Medical

Computer algorithm helps develop ultra-powerful peptides

17th April 2018
Enaie Azambuja
0

During the past several years, many strains of bacteria have become resistant to existing antibiotics, and very few new drugs have been added to the antibiotic arsenal. To help combat this growing public health problem, some scientists are exploring antimicrobial peptides — naturally occurring peptides found in most organisms. Most of these are not powerful enough to fight off infections in humans, so researchers are trying to come up with new, more potent versions.

Researchers at MIT and the Catholic University of Brasilia have now developed a streamlined approach to developing such drugs.
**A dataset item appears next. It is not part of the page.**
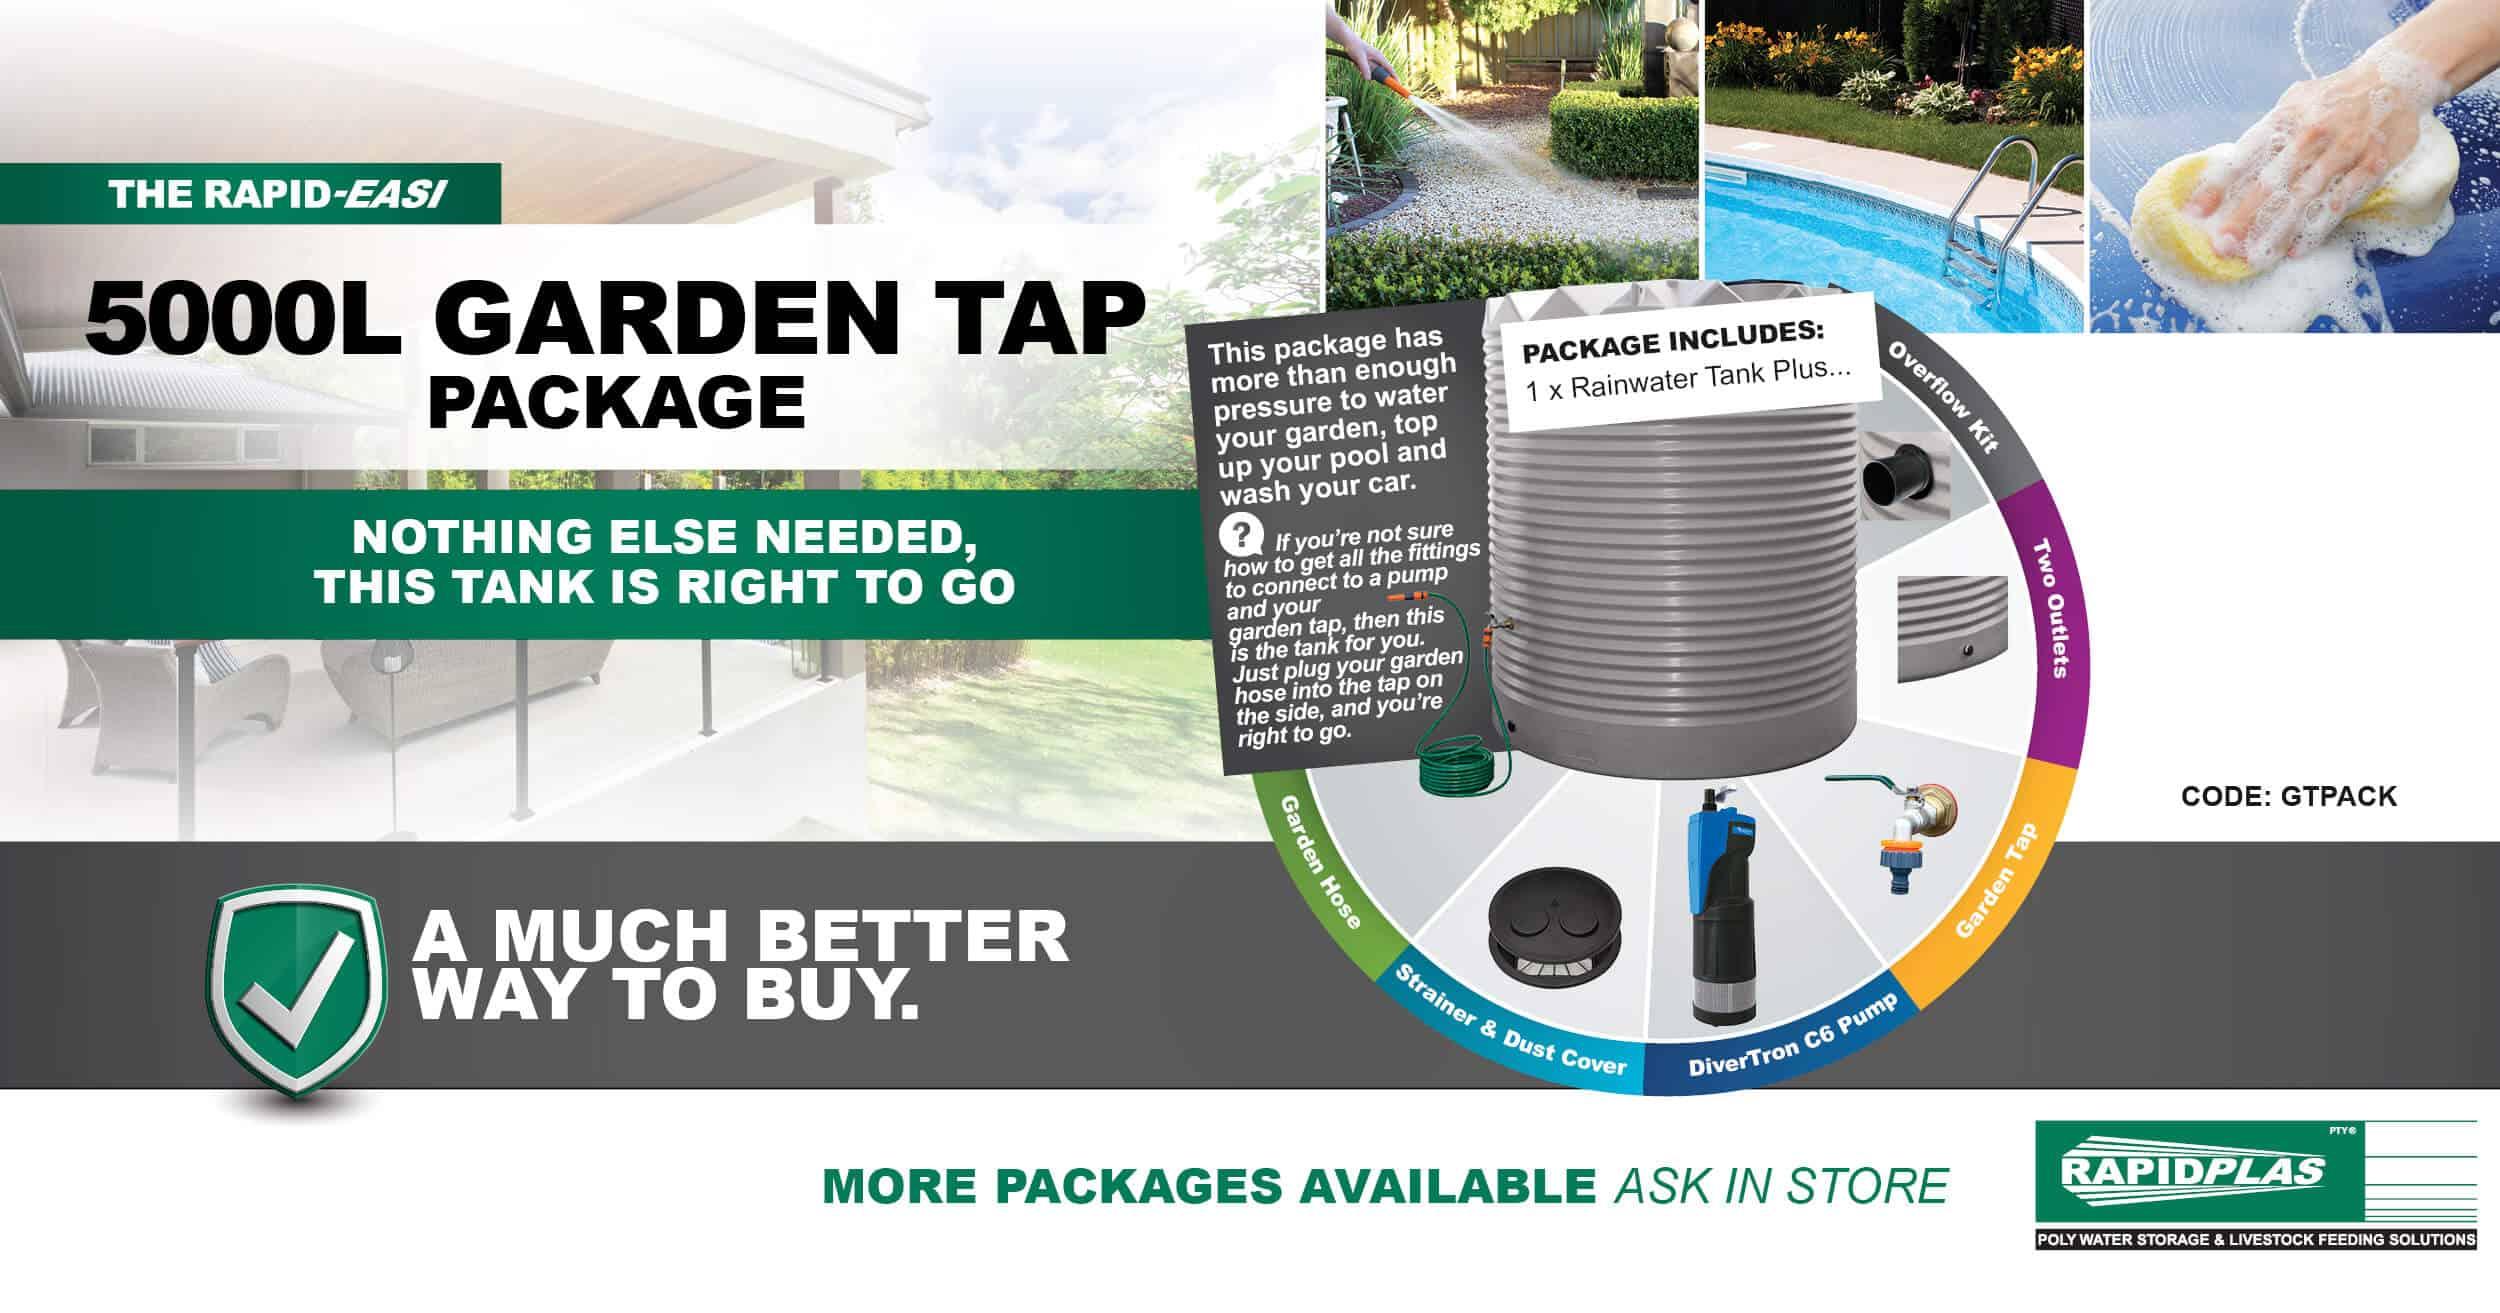 5000L Garden Tap Package
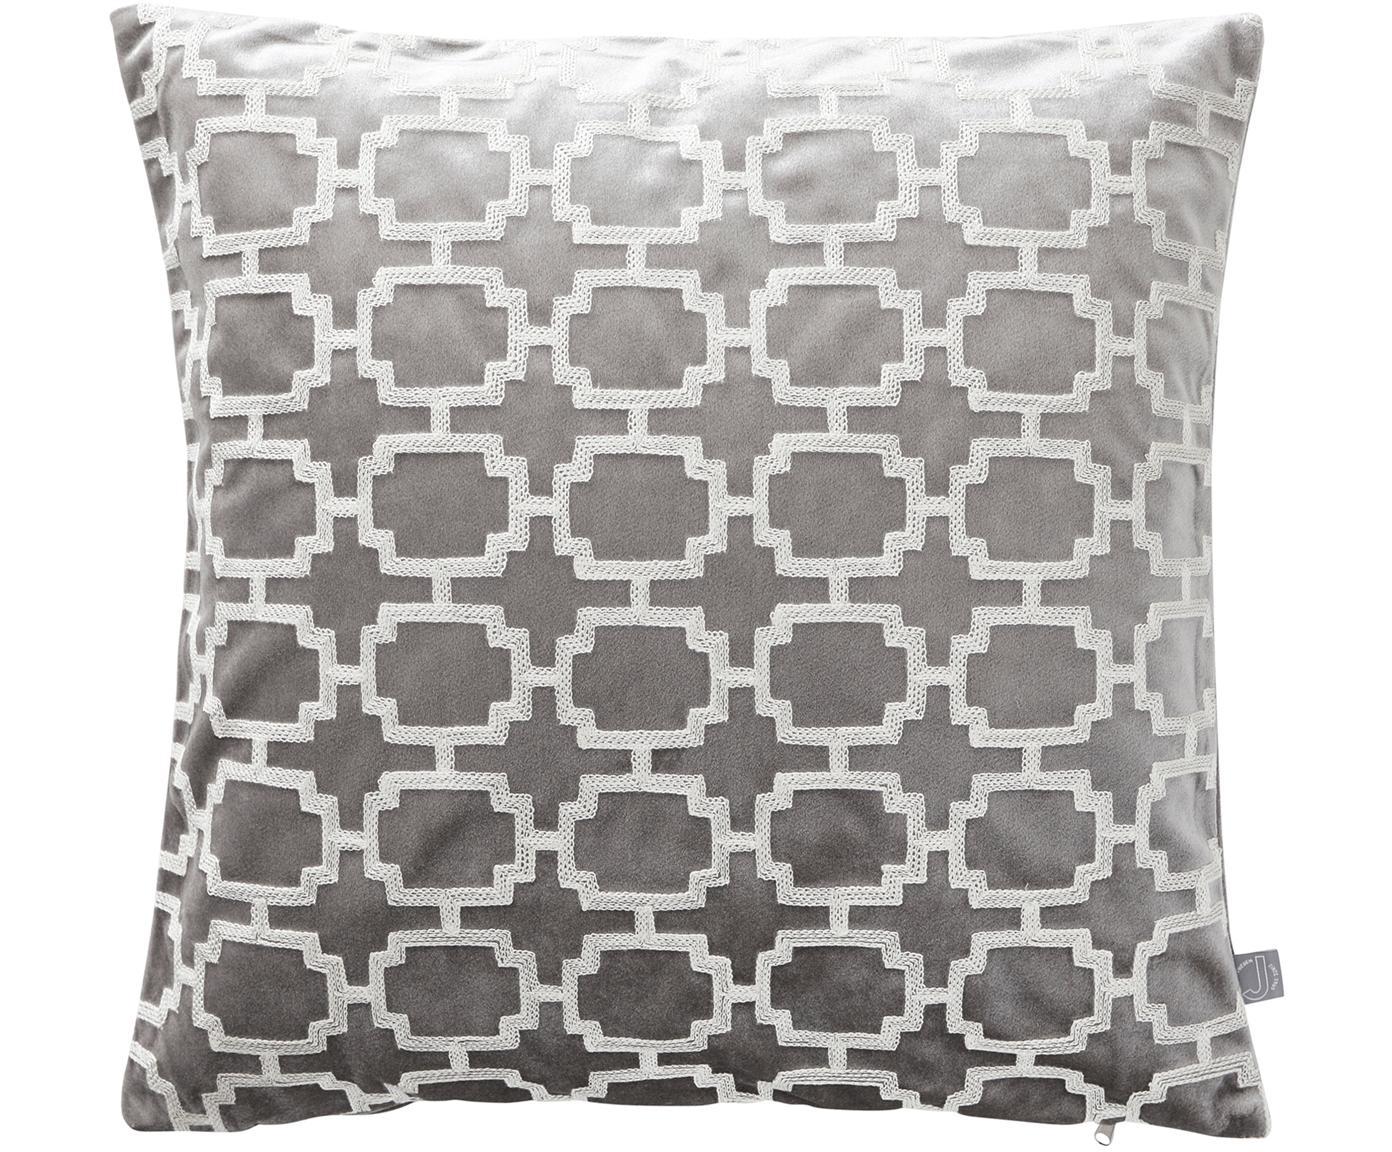 Bestickte Samt-Kissenhülle Simone, 100% Polyestersamt, Grau, gebrochenes Weiß, 45 x 45 cm

Their new strategy, which relies on a computer algorithm that mimics the natural process of evolution, has already yielded one potential drug candidate that successfully killed bacteria in mice.

“We can use computers to do a lot of the work for us, as a discovery tool of new antimicrobial peptide sequences,” says Cesar de la Fuente-Nunez, an MIT postdoc and Areces Foundation Fellow. “This computational approach is much more cost-effective and much more time-effective.”

De la Fuente-Nunez and Octavio Franco of the Catholic University of Brasilia and the Dom Bosco Catholic University are the corresponding authors of the paper, which appears in Nature Communications. Timothy Lu, an MIT associate professor of electrical engineering and computer science, and of biological engineering, is also an author.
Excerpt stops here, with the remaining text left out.